For disease modeling, using primary hepatocytes of different genotypes can help mimic different rates of progressions of various conditions, such as NAFLD or hepatocellular carcinomas. Hepatocyte lots of different genotypes may help in studies of complex drug treatments by observing the effects of a group of drugs versus the single effect of each drug. Suspected ethnic susceptibilities may be observed in mimicking the patient population stratification in vitro by using hepatocyte lots with very diverse genotypes.

Primary human hepatocytes available through LifeNet Health LifeSciences have a variety of characterization information already available: comprehensive donor medical and social history, histopathological assessment and histological images, plateability, optimal seeding density, phase I and II enzyme activity, and CYP induction. In addition, we provide along with the donor ethnicity, the actual gene sequencing call, the rs number, the allele frequency, and the reference allele for each of 112 gene variants related to ADME and toxicological investigations.

This content was authored, reviewed, and approved by Ph.D. scientists.
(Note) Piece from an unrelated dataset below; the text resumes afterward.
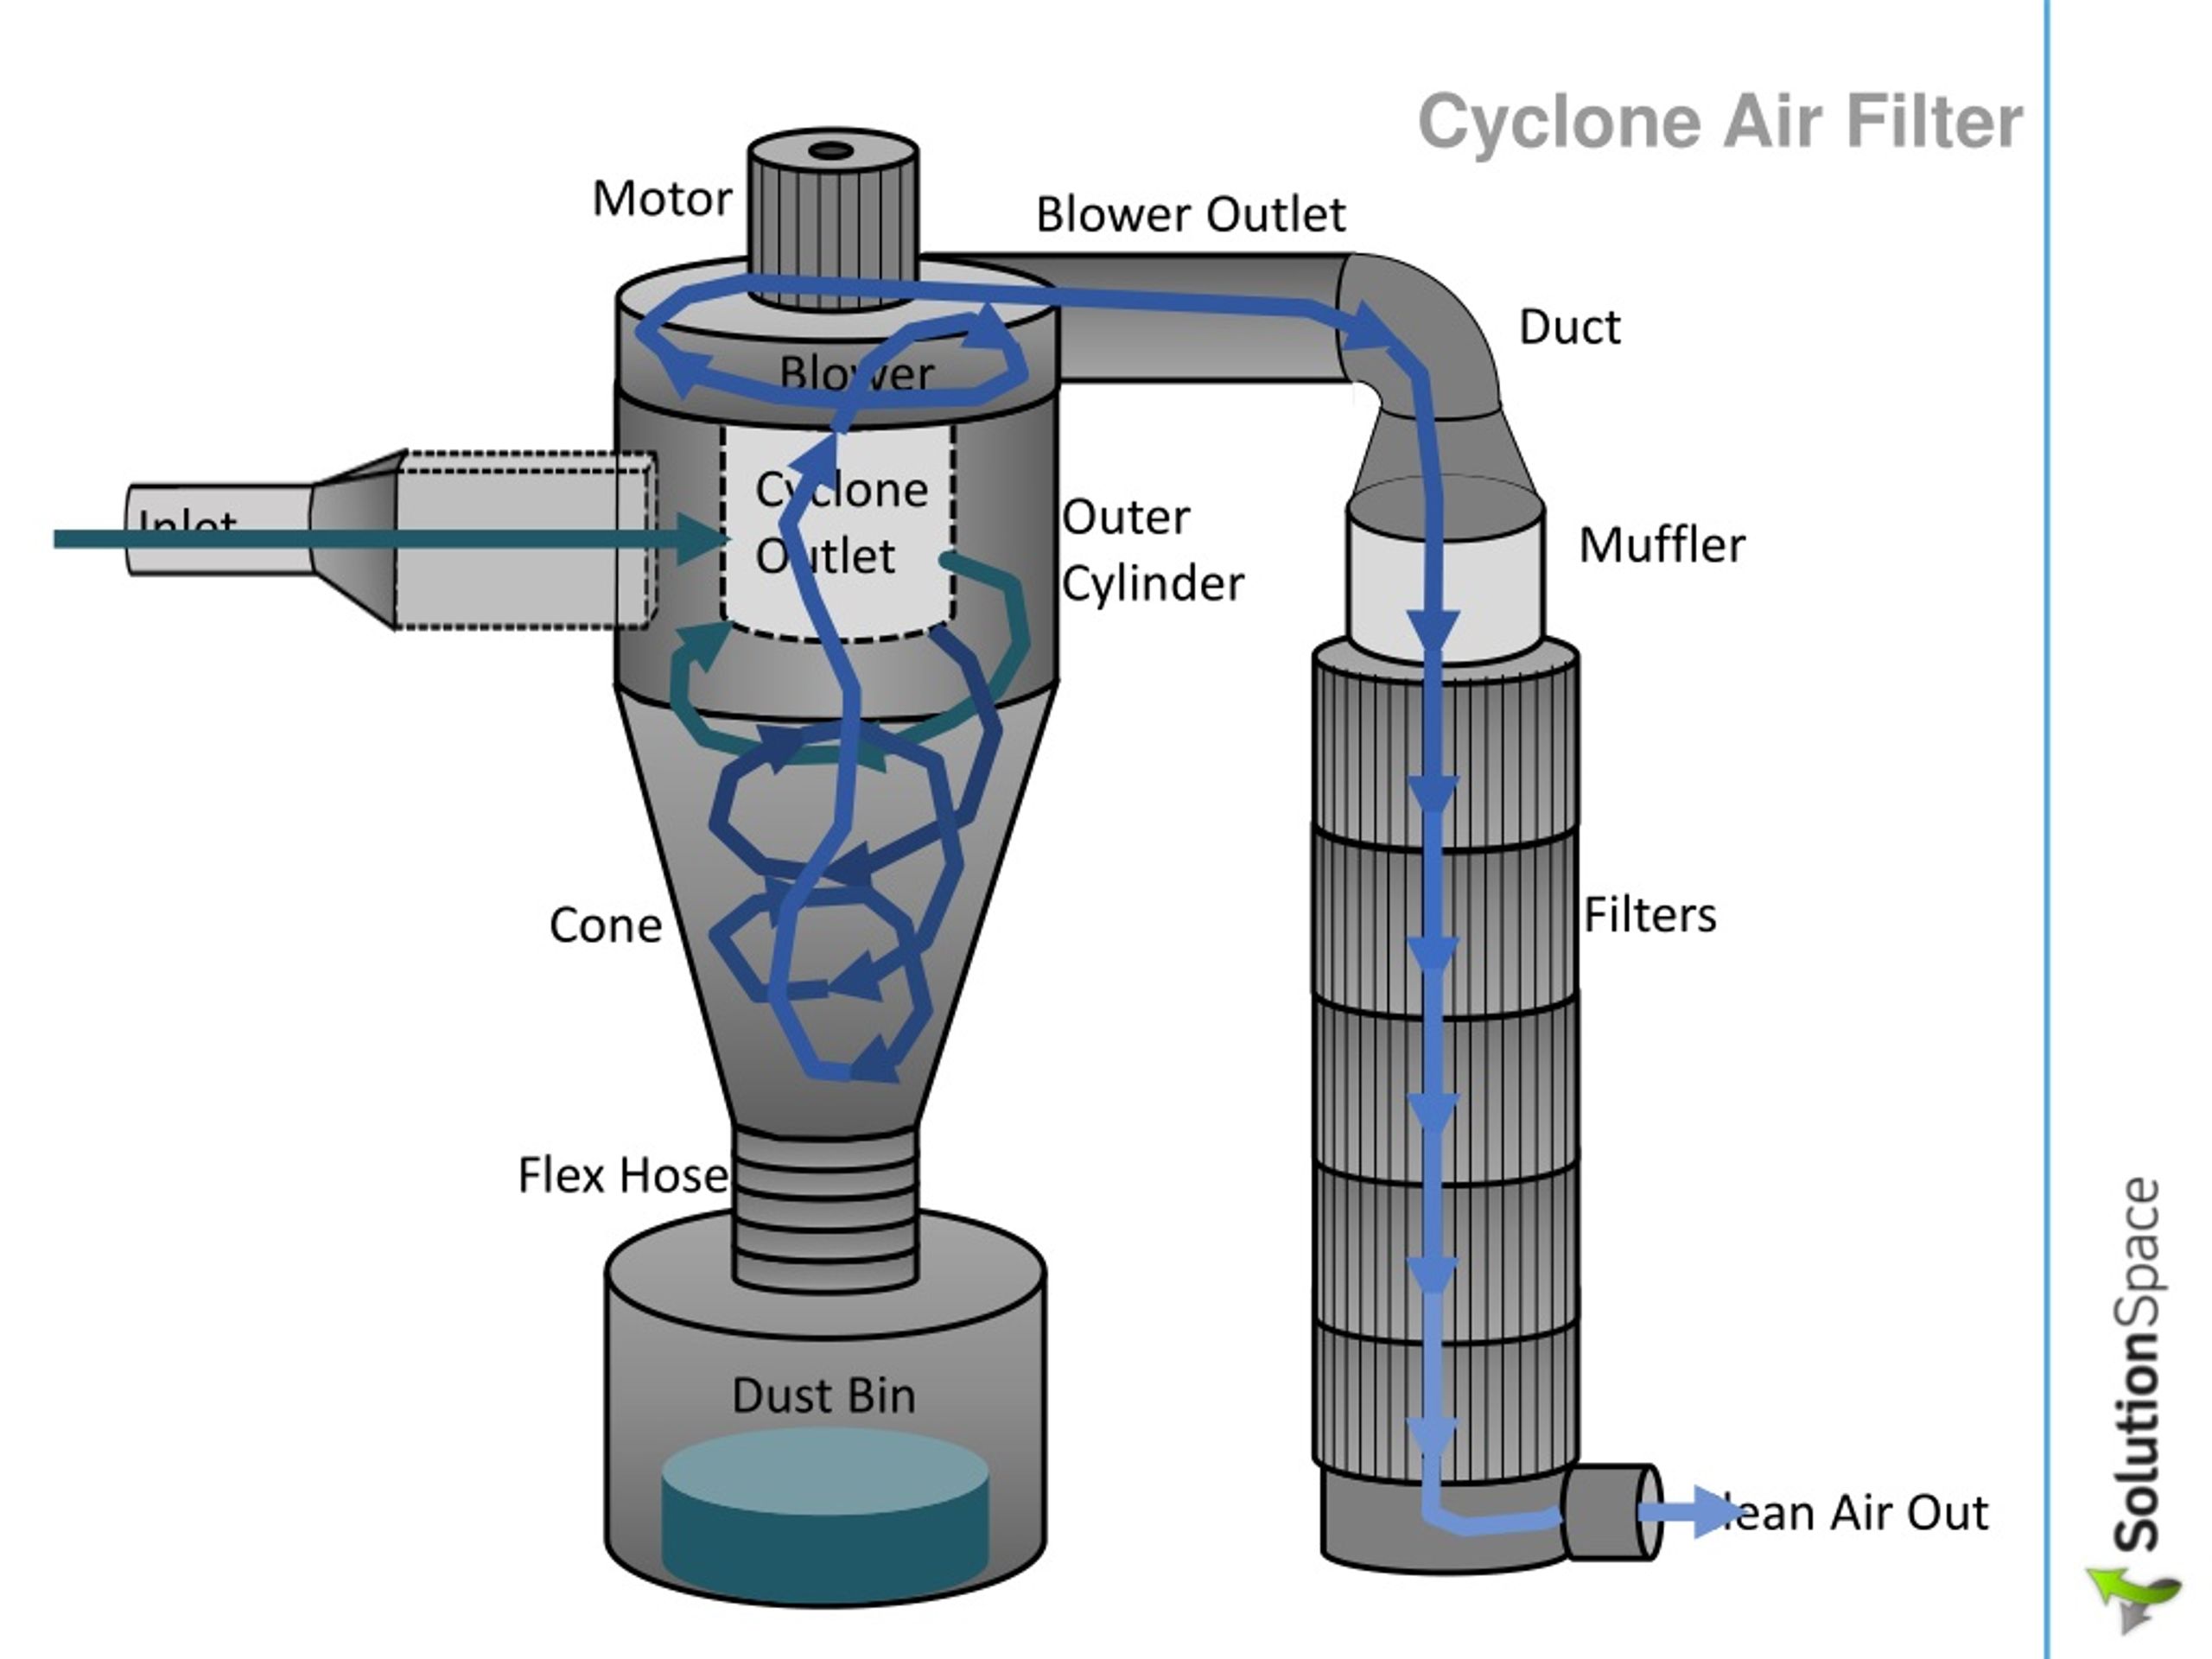 Cyclone filters. Циклон пылеуловитель чертеж. Фильтр типа циклон для газа. Фильтр циклон для воздуха 25мкм. Циклон фильтр Тип 6 профи вид снизу.

March 15, 2021.

Gaedigk, A., et. al. Ten years' experience with the CYP2D6 activity score: a perspective on future investigations to improve clinical predictions for precision therapeutics. J. Pers. Med. 8(1): 1 (2018).

Chigutsa, E., et. al. The SLCO1B1 rs4149032 polymorphism is highly prevalent in South Africans and is associated with reduced rifampin concentrations: Dosing implications. Antimicrob. Agents Chemother. 55(9): 4122- 4127 (2011).